Como vimos, a restrição à abertura de janelas prevista no art. 1360º, nºs, 1 e 2, do CC, tem como objectivo evitar que os prédios vizinhos sejam devassados com a vista e, bem assim, que sobre eles sejam efectuados despejos.
No caso, o prédio dos AA. - mais precisamente, a área triangular e o pátio - são devassados permanentemente pela passagem da generalidade das pessoas pela parte do pátio acima referida. Assim, o tapamento das janelas situadas no piso superior do prédio das RR. não asseguraria qualquer interesse relevante dos AA., uma vez que o seu prédio sempre continuaria a ser devassado pelas pessoas que atravessam esse pátio.
Acresce que do tapamento dessas janelas adviria prejuízo relevantíssimo para a fracção onde se situam tais janelas; com efeito, tais aberturas são a sua única fonte de luz e ar (cfr. “facto provado” nº 30), sendo essenciais para a manutenção de salubridade no seu interior.
Assim, o encerramento dessas janelas diminuiria drasticamente o valor dessa fracção, não sendo de afastar, inclusivamente, a impossibilidade de a utilizar.
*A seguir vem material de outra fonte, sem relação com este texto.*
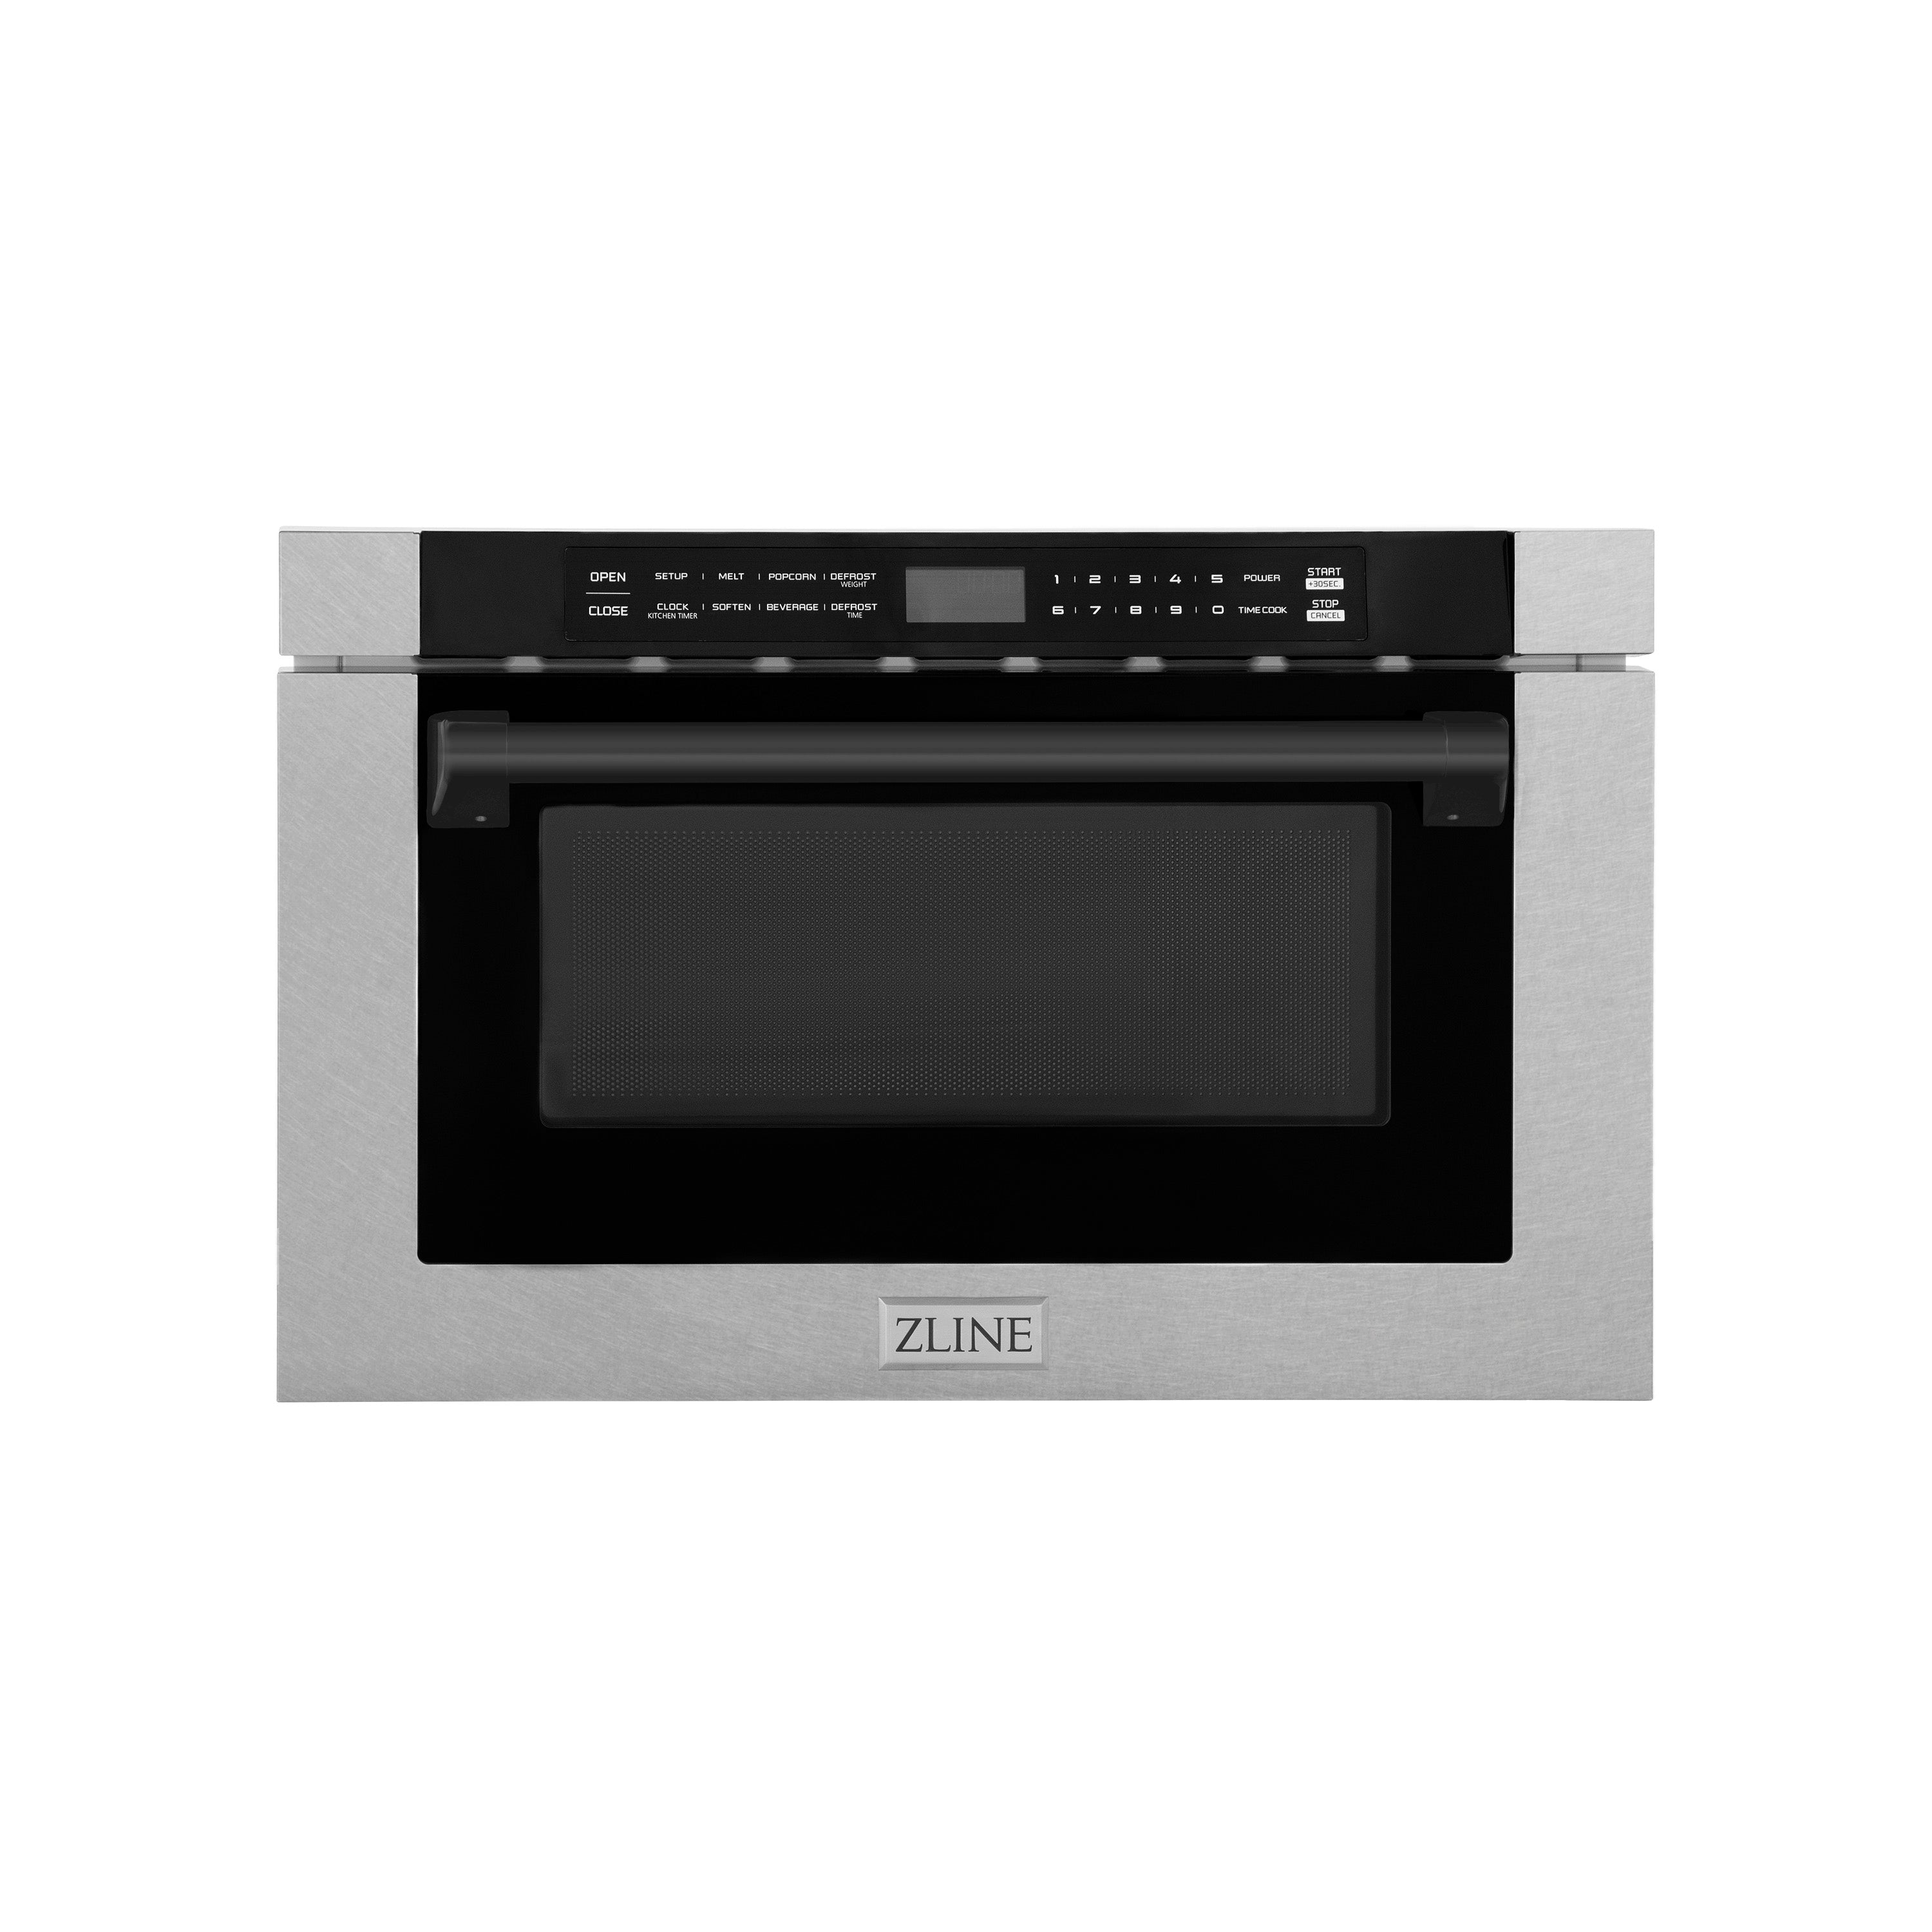 ZLINE Autograph Edition 24 in. Microwave in DuraSnow Stainless Steel with Traditional Handles and Matte Black Accents (MWDZ-1-SS-H-MB) Front View Drawer Closed

Conclui-se, portanto, que do encerramento dessas janelas não resultaria qualquer utilidade relevante para os AA.; acresce que tal tapamento atentaria, isso sim, contra interesses relevantíssimos do interveniente DD, proprietário da fracção onde essas janelas se situam. No sentido acima exposto segue o Acórdão do Tribunal da Relação de Lisboa de 23-4-1998, in www.dgsi.pt, numa situação com contornos semelhantes à aqui em análise.
Aqui se lê: “O pátio em questão, de que os autores são comproprietários em muito minguada proporção, é um local de passagem, dando serventia aos prédios que o rodeiam, inclusive aos prédios dos réus, sendo ainda certo que, desembocando directamente, do lado nascente, num caminho público, é necessariamente devassado por quem transite nesse caminho. A sua utilidade está, pois, confinada a servir de local de passagem, e tal utilidade não é, obviamente, afectada pelas aberturas que, dos prédios dos réus, sobre ele deitam directamente (…). Ao invés, a tapagem dessas aberturas importaria sérios prejuízos para os demandados, que se veriam privados do adequado arejamento e iluminação natural das suas habitações, com a consequente afectação da sua qualidade de vida e significativa desvalorização do seu património. É tamanha a desproporção entre a utilidade (?) que os autores obteriam com a procedência da acção e as desvantagens que para os réus decorreriam dessa procedência que se pode claramente afirmar que o direito dos autores surge exercitado em termos "clamorosamente ofensivos da justiça", constituindo tal exercício "clamorosa ofensa do sentimento jurídico socialmente dominante". Embora sob a aparência de um comportamento lícito, o exercício de tal direito não cumpre, em concreto, a intenção normativa que materialmente fundamenta o direito invocado, o direito de propriedade, que os autores dizem acautelar. Estes usam o seu direito, no caso concreto, não para prosseguirem interesses próprios, senão para negarem interesses alheios. Em suma: abusam do seu direito (…)”. Conclui-se, assim, que existe desproporção significativa entre a utilidade que os AA. retirariam do tapamento das janelas da fracção “G” e as desvantagens que para o interveniente DD daí decorreriam. Por isso, entendemos que os AA. agem em abuso de direito ao pretenderem o tapamento das janelas situadas na fracção “G” do interveniente DD; tal abuso gerará a supressão ou a paralisação do referido direito a verem tapadas tais janelas. Consequentemente inexiste fundamento para condenar o interveniente DD a tapar as janelas da fracção “G”.”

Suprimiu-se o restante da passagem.